Est-ce là l’authentique por­trait d’Epicure ?

Nous savons qu’il nour­ris­sait une concep­tion très éle­vée de l’amitié, qu’il dési­rait que ses dis­ciples ne fissent pas bourse com­mune, (comme le fai­saient les pytha­go­ri­ciens), qu’il pen­sait que le sage ne doit pas se mêler des affaires publiques, etc. Nous savons aus­si que lors­qu’il suc­com­ba à la pierre, il s’écriait que les into­lé­rables dou­leurs de ves­sie et d’entrailles qu’il endu­rait étaient noyées dans la joie que ver­sait à son esprit le sou­ve­nir de ses pré­ceptes et de ce qu’il avait décou­vert. Ces décla­ra­tions, consi­gnées dans une lettre mémo­rable adres­sée à son dis­ciple Ido­mé­née confirment ce qu’il avait dit un jour, que même sur un bûcher, il s’écrierait « quelles délices » !

Les anec­dotes ne manquent pas sur Épi­cure et les épi­cu­riens. Je n’ai vou­lu qu’indiquer à quelles dis­cus­sions l’homme et l’œuvre ont don­né lieu.

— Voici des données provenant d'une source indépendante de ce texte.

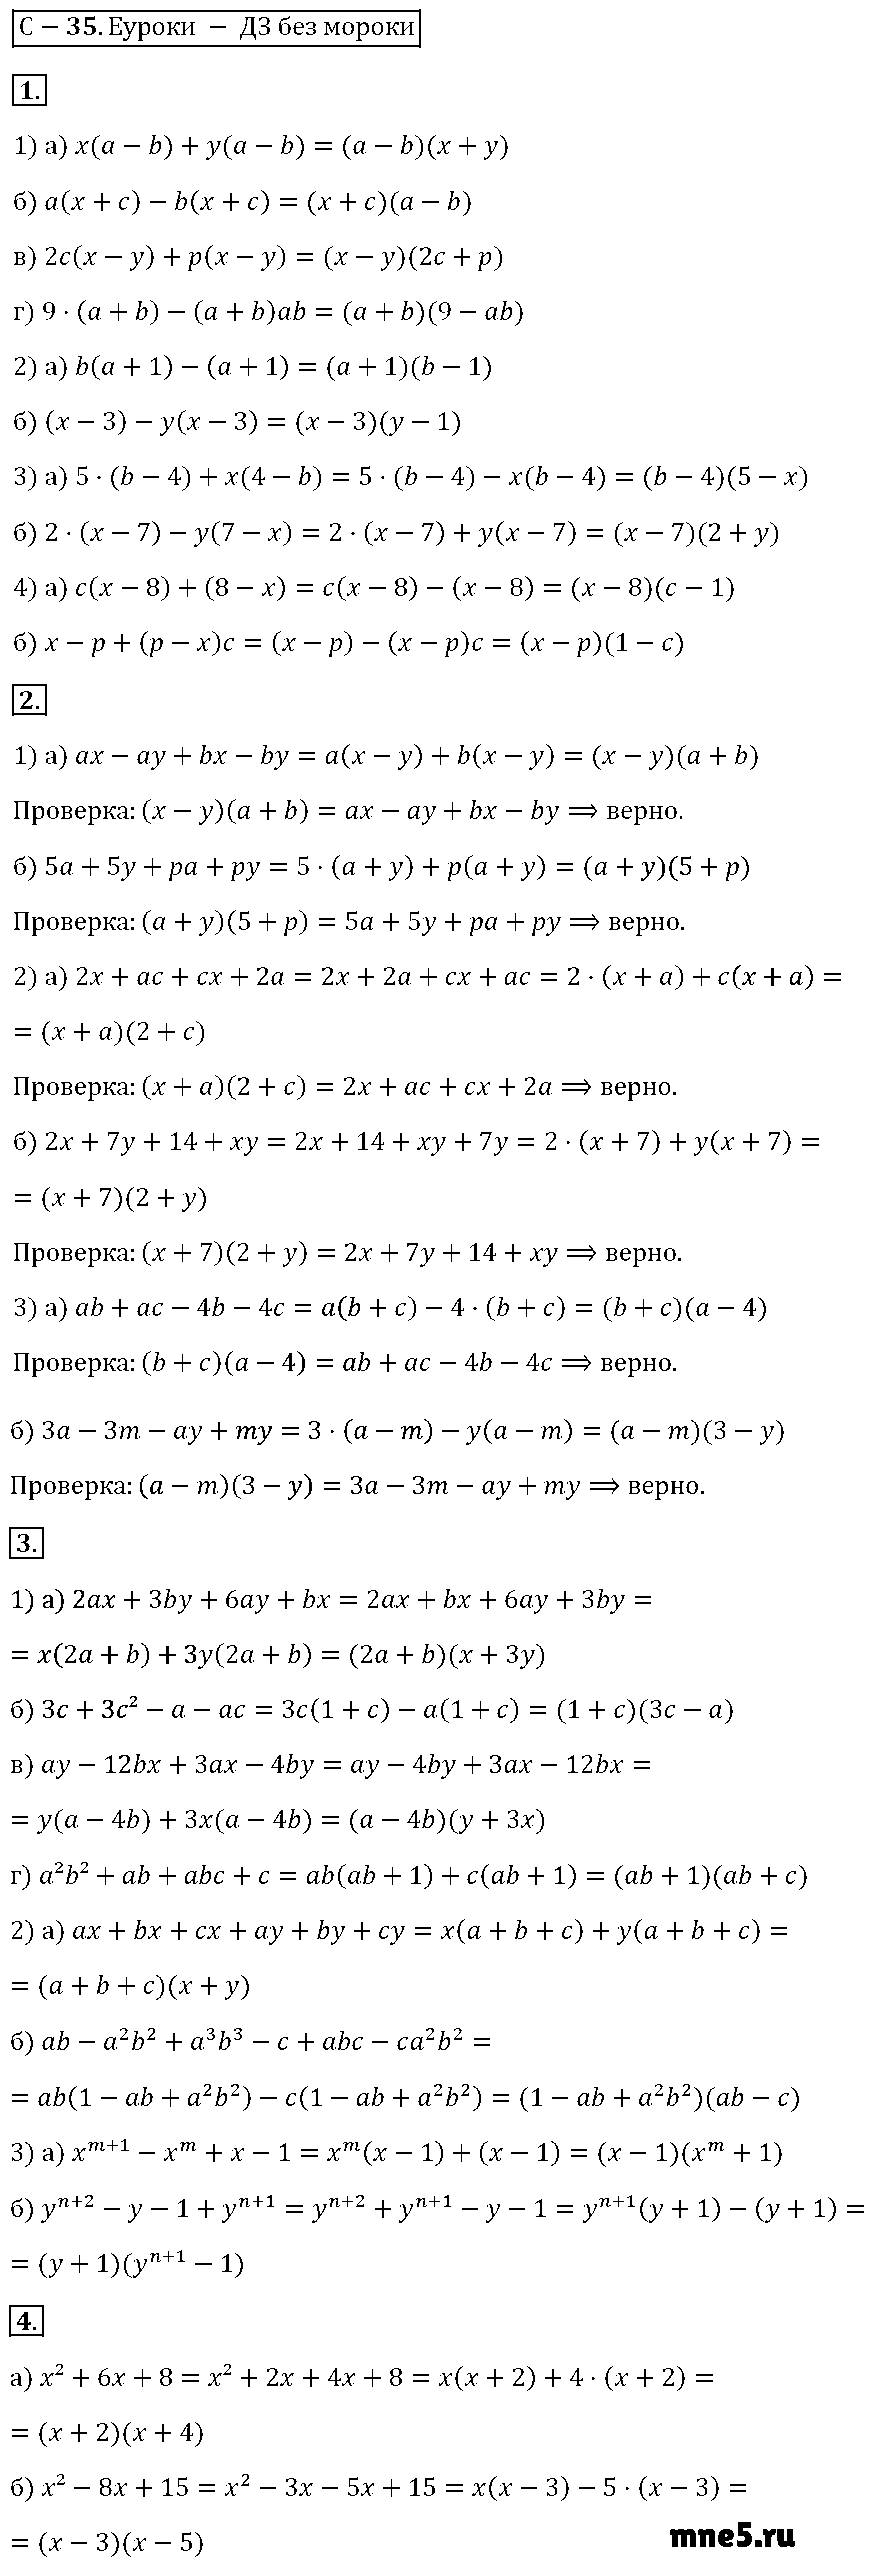 ГДЗ Алгебра 7 класс - С-35. Разложение многочленов на множители способом группировки
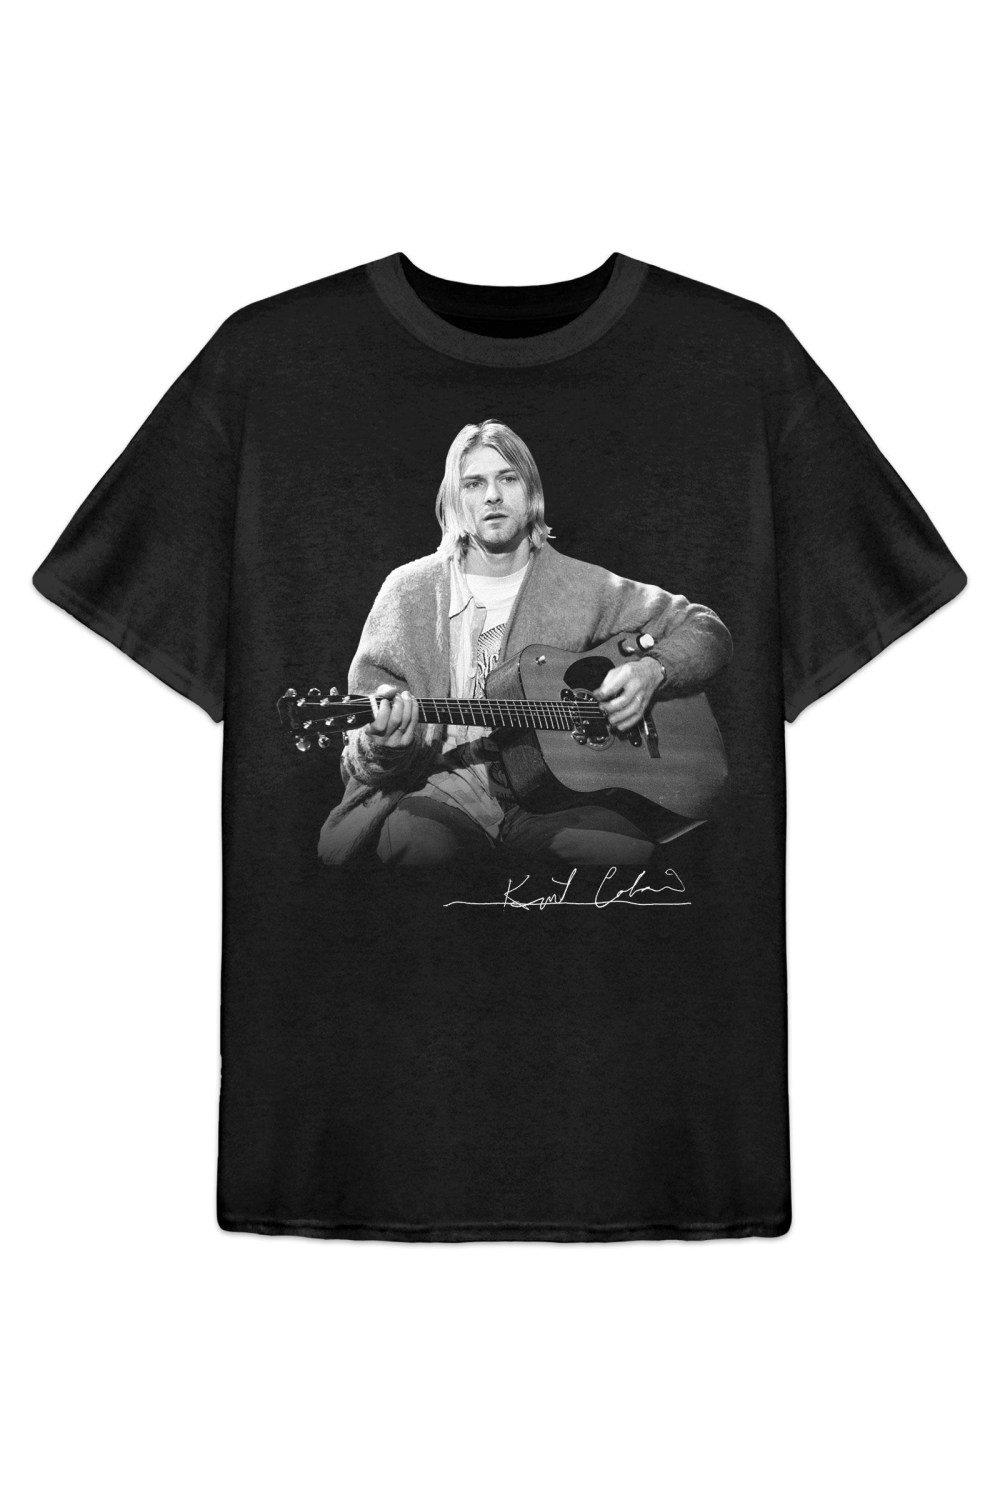 3x5 футов jeep flag полиэстер цифровая печатная фотография для автомобильного клуба Хлопковая футболка для фотосессии с гитарой Live Kurt Cobain, черный

Ache­vons ce pré­am­bule, trop long à mon gré, en invi­tant le lec­teur à médi­ter sur les Pen­sées (dans la par­tie rele­vant de l’éthique) qui lui sont offertes et lui per­met­tront d’asseoir son juge­ment, pour son plus grand-pro­fit per­son­nel. Je n’ai pas besoin d’ajouter que dans maintes de ces maximes, ils per­ce­vront un écho des pro­po­si­tions et des thèses sou­te­nues dans « l’en dehors » et « l’Unique », mais ils n’ont pas besoin de moi pour s’en rendre compte, ni pour recon­naître ce qui les en dif­fé­ren­cie [[Dans le cha­pitre qu’il a, dans son « His­toire de l’Individualisme dans l’Antiquité », consa­cré à Épi­cure, Han Ryner note fort judi­cieu­se­ment l’indifférence de celui-ci pour la « science », c’est-à-dire que « tout ce qu’il demande à la science, c’est d’évincer le sur­na­tu­rel de notre pen­sée, le sur­na­tu­rel étant mal­fai­sant ». D’autre part, l’auteur des « Voyages de Psy­cho­dore » exprime son dégoût bien com­pré­hen­sible de la façon dont les Romains ont fait une bas­sesse por­cine et une phi­lo­so­phie de mau­vais lieu de la grâce épi­cu­rienne. Évi­dem­ment, les Romains se sont assi­mi­lé Épi­cure selon leur men­ta­li­té et non sui­vant la men­ta­li­té des Grecs, qui étaient mal­heu­reu­se­ment loin d’être des petits saints, escla­va­gistes et férus de négoce comme ils l’étaient. À l’encontre d’Épictète, esclave d’un maître bru­tal, Épi­cure était pro­prié­taire d’esclaves, qu’il trai­tait avec bon­té et dont il affran­chit plu­sieurs avant de mou­rir. Mais c’est un fait-. – E. A.]].